Let us estimate the number of eggs your chickens will lay per week. Egg-laying sorely depends on the breed you choose. Some of the best egg-laying breeds are white leghorns, red stars, black Stars, black Australorp and Rhode island red.
They can produce about 250 to 300 eggs a year. Remember, the egg production rate of your hens decreases as they grow older. When your hens have spent about 10 years, they won’t produce many eggs again. Let us focus on the time frame the chickens are still fairly productive.
When creating your budget, you should consider having extra eggs at the end of the day so that it can cover for eggs that would be used for recipes that require plenty of eggs such as Jalapeno cheese snacks.
It is not a bad idea to leave some eggs at the door of your neighbors. Once your friends hear you are having Fresh Eggs, they might appreciate a gift of some now and then. This should also be considered. The good thing about having hens to produce your own eggs is the fact that they will be healthy and fresh.
Let us do some calculations here. It has already been established that a single hen is expected to produce about 200 eggs per year.
If you divide 200 eggs by 365 (the total number of days in a year), you would have about 0.55 eggs per chicken every day. That’s approximately ½ egg per day.
Estimating the Number of Chickens Needed
Family Sized Chicken Farm Egg Calculator
|Number of Chickens||Number of Eggs / Day||Number of Eggs / Week||Number of Eggs / Month||Number of Eggs / Year||Family Size||$ Value = .30 / Egg|
Per Day / Per Week / Per Month / Per Year / Dollar Value
From the already established 0.5 eggs per chicken in a day, if we need 24 eggs per week as estimated before, then 24/7 will give 3.4 eggs per day.
Therefore, to get the number of chickens that will produce 24 eggs a week, you divide the total number of eggs needed in a day by the number of eggs per chicken, i.e., 3.4/0.5=6.8, approximately 7.
Therefore, for 24 eggs in a week, we would need about seven chickens. From the above calculation, a family that approximately consumes 24 eggs in a week would need about seven hens. Sometimes, you might get more than the estimated 24 eggs, sometimes reverse might be the case.
This increase or decrease in the number of eggs may as well be due to weather or shorter day length during winter. Although, you won’t be far from your target.
The family-sized poultry farm has become enormously popular. Chickens are very charming and also the benefit of getting fresh and healthy meat cannot be overemphasized. Farm-Fresh eggs are second to none, nothing beats it.

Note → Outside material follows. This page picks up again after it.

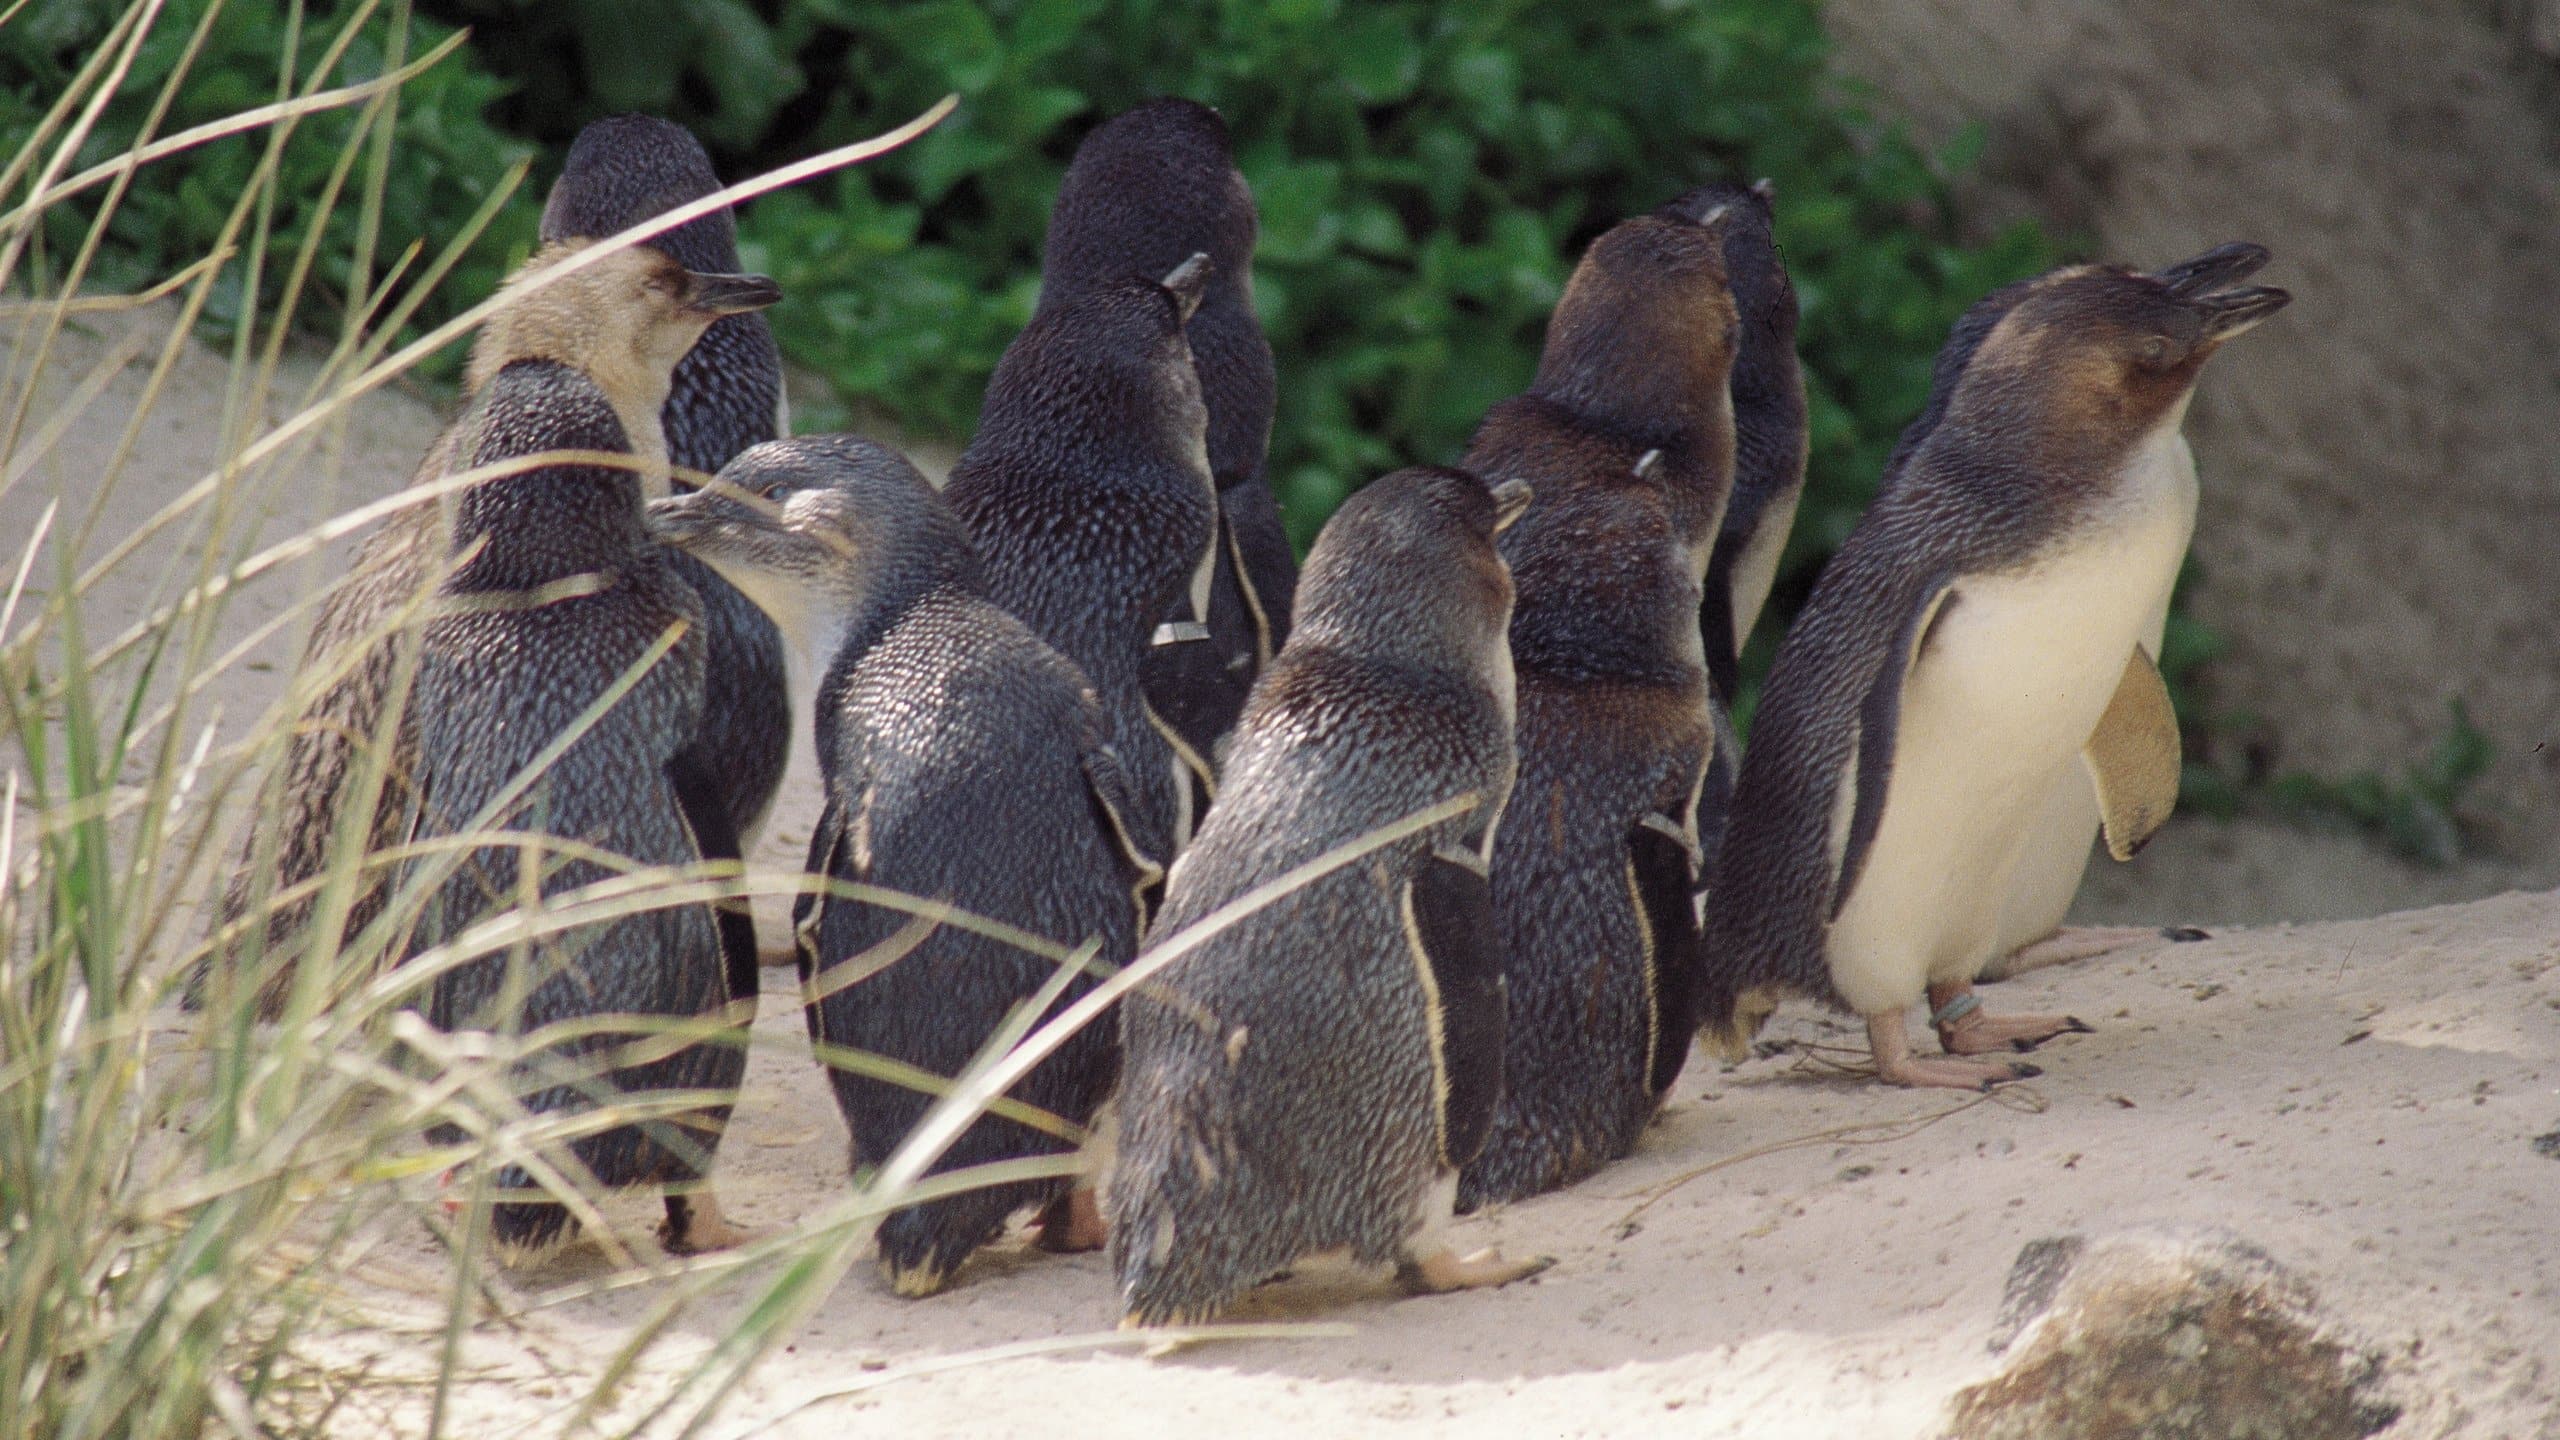 Penguins at Adelaide Zoo

When you consider the number of eggs your family consumes on a weekly basis and you discovered you will need extra eggs for baking or making egg-filled recipes, you can then use the above calculation to determine the total number of hens you will be needing in your family-sized poultry farm.
About seven to nine is enough for any family. A good laying hen will bless you with about six eggs per week, with seven to nine hens you will get a whole lot of egg littered all around. Your neighbors won’t even be left out in enjoying those farm fresh eggs. In summary, if you have decided to raise chickens and are now trying to decide on a chicken coop.
Choose carefully so that you can have a happy, healthy, and productive chicken that will lay lots of eggs. Take your time and make an informed decision. There are lots of resources online that can help you decide on a set of chicken coop plans. If you make a good decision you will enjoy happy and productive chickens for the whole family.